Quality and safety are universal values in health care; nurses in both education and practice settings have the will through a common value system if they are helped to develop the ideas for leading change, and are provided the tools to execute the change needed and in fact are inspired by the opportunity to work in systems focused on safe quality care.
Education is indeed the bridge to quality (IOM, 2003), and progress comes with each generation of nurses prepared with the competencies to work in and lead health care systems focused on safety: patient‐centered care, teamwork and collaboration, quality improvement, safety, evidence‐based practice, and informatics. Have we reached a tipping point? Nurse leaders have long recognized the imperative to improve patient care outcomes and have been a part of early quality improvement work within nursing. Safety and patient‐centered care have been recognized as cornerstones of effective nursing practice, but with new evidence, a science of safety and quality improvement provide a sharper focus to quality and safety initiatives.
The expanded version of this book seeks to address the needs of faculty, practicing nurses, administrators, and nursing students at all educational levels. Each chapter tells a part of the story and collectively offers a roadmap to improve quality and safety. Updated information in each chapter provides a current view of application of quality and safety; consumer efforts driving change are found in Chapter 2; and Chapter 3 presents the first person account from Dr. Cronenwett of how QSEN began as well as the continuing story of this award‐winning project to become the QSEN Institute at Case Western Reserve University School of Nursing. Section 2 includes an in‐depth current view of each of the six competencies. The chapters provide a resource for faculty, graduate students, practicing nurses, and other leaders including teaching strategies, resources, and current references. Section 3 has redesigned chapters on implementing quality and safety across settings. A revised chapter is provided on the mirror of education and practice to better understand teaching approaches for redesigning teaching approaches. Other instructional approaches include narrative pedagogy, integrating the competencies in simulation, a new chapter to explore application in clinical learning, the critical nature of interprofessional teamwork to improve quality and safety, and developing personal leadership to lead change in organizations focused on improving quality and safety. The last chapter examines global applications of quality and safety, and outlines the need for sharing strategies related to education, research, and practice changes around the world. Three appendices provide additional resources with the knowledge, skills, and attitudes tables for each of the prelicensure and graduate competencies, the results of a Delphi study to assist educators with placing the 162 KSAs for beginner, middle, and advanced placement in nursing programs and staff development, and an extensive glossary.

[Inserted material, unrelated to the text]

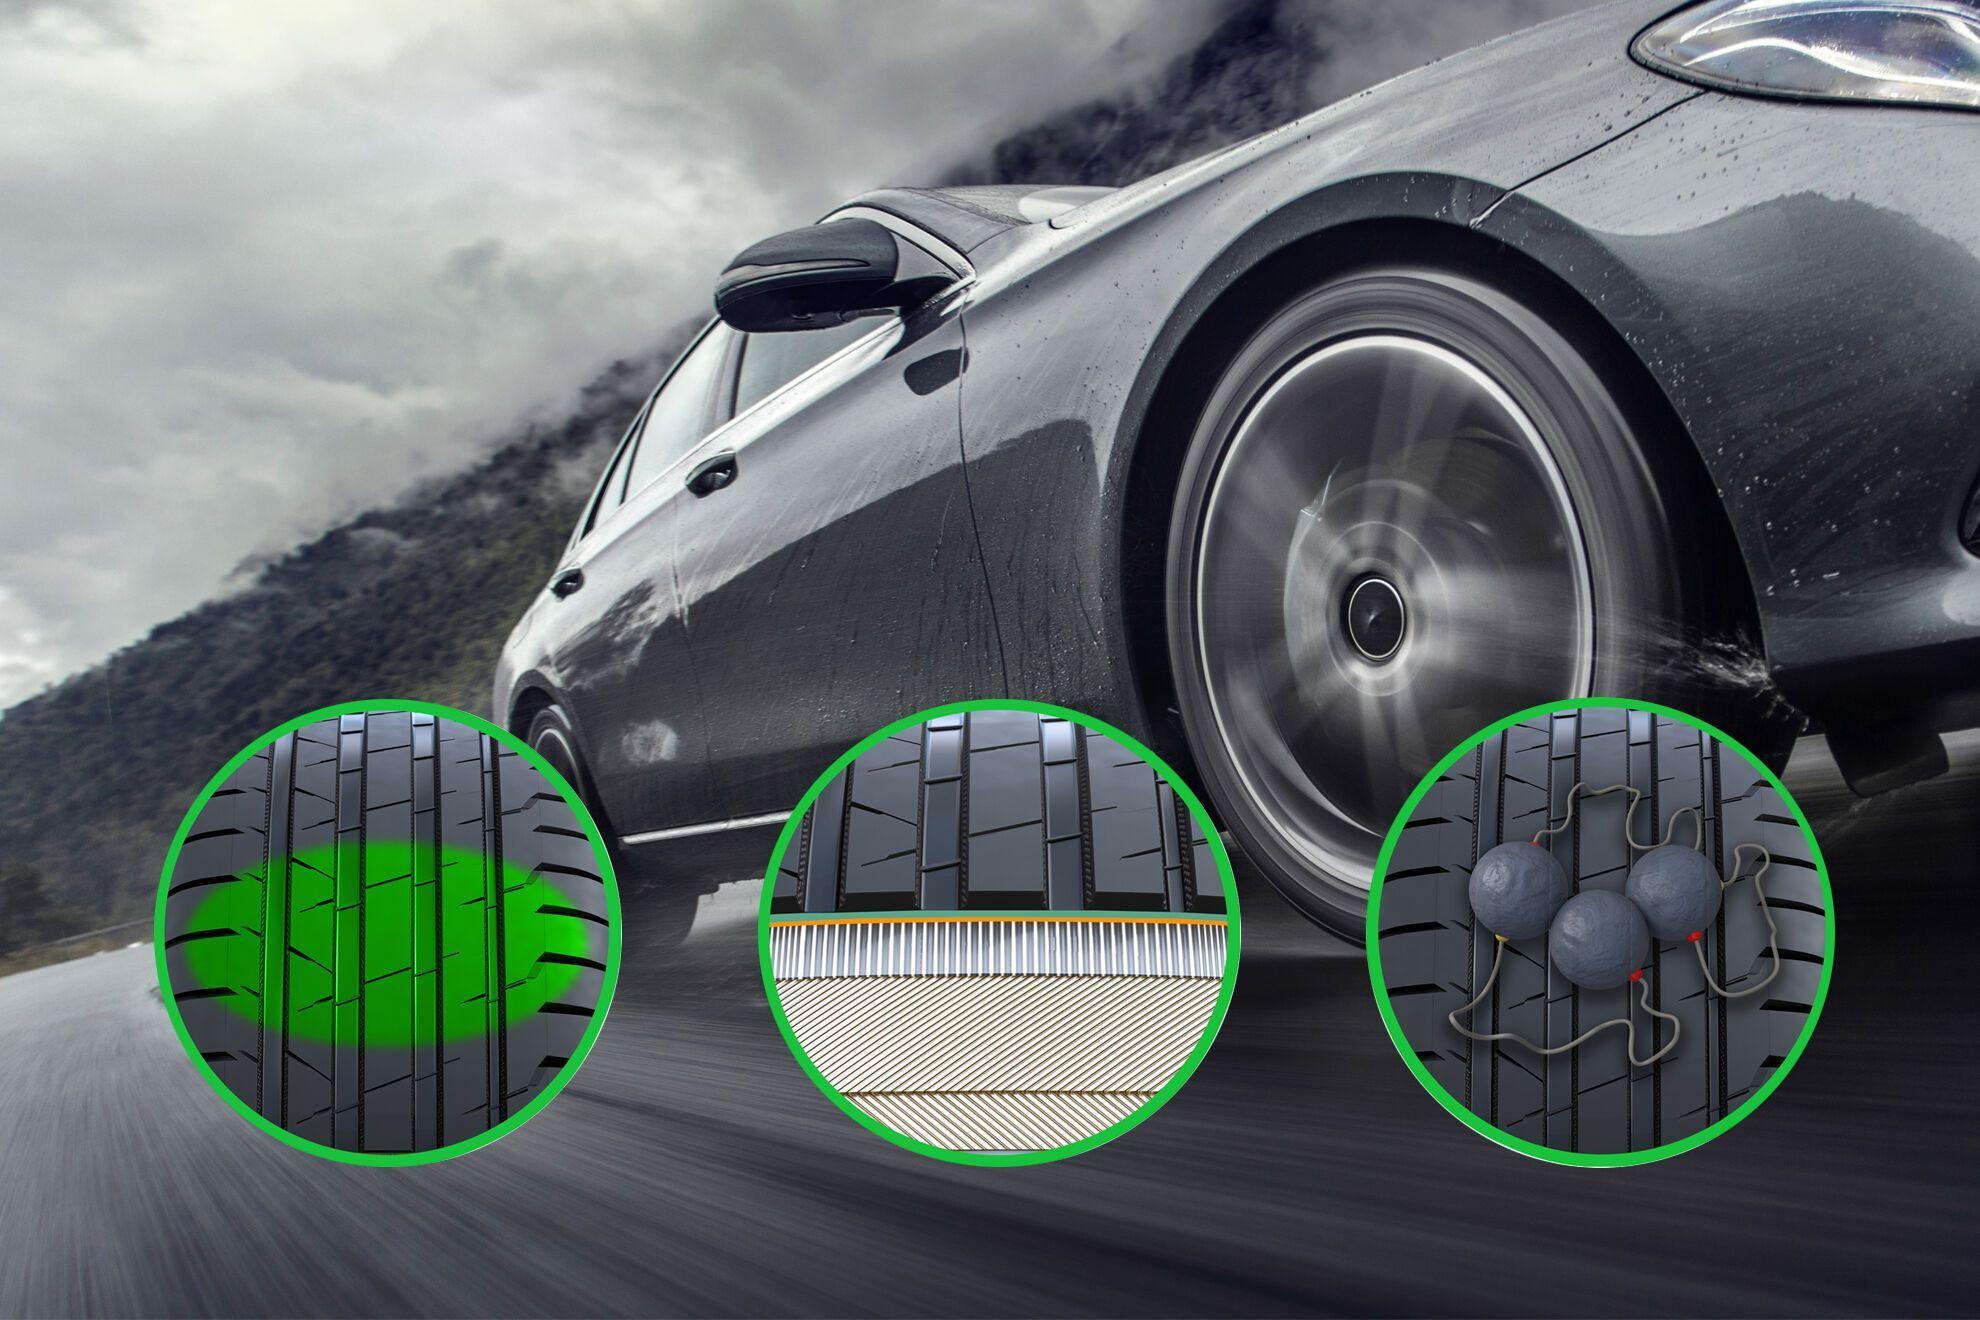 Используемая в конструкции Nokian Hakka Black 2 технология Dynamic Grip позволяет шине адаптироваться к неровностям поверхности и быстро реагировать на маневры

Each contributor is a leader in quality and safety and offers his or her work to stimulate all nurses and health care professionals to share and disseminate their work around the globe. Together, we hope to rebuild health care as a high‐reliability system focused on safety and quality. It is our hope that the shared and expanding story of QSEN provides motivation and will, that the expansive tool kit within these pages stimulates ideas, and that the continuing efforts for faculty and leader development translate to execution as we move toward new generations of nurses fully prepared to lead and work in health care systems based on cultures of quality and safety.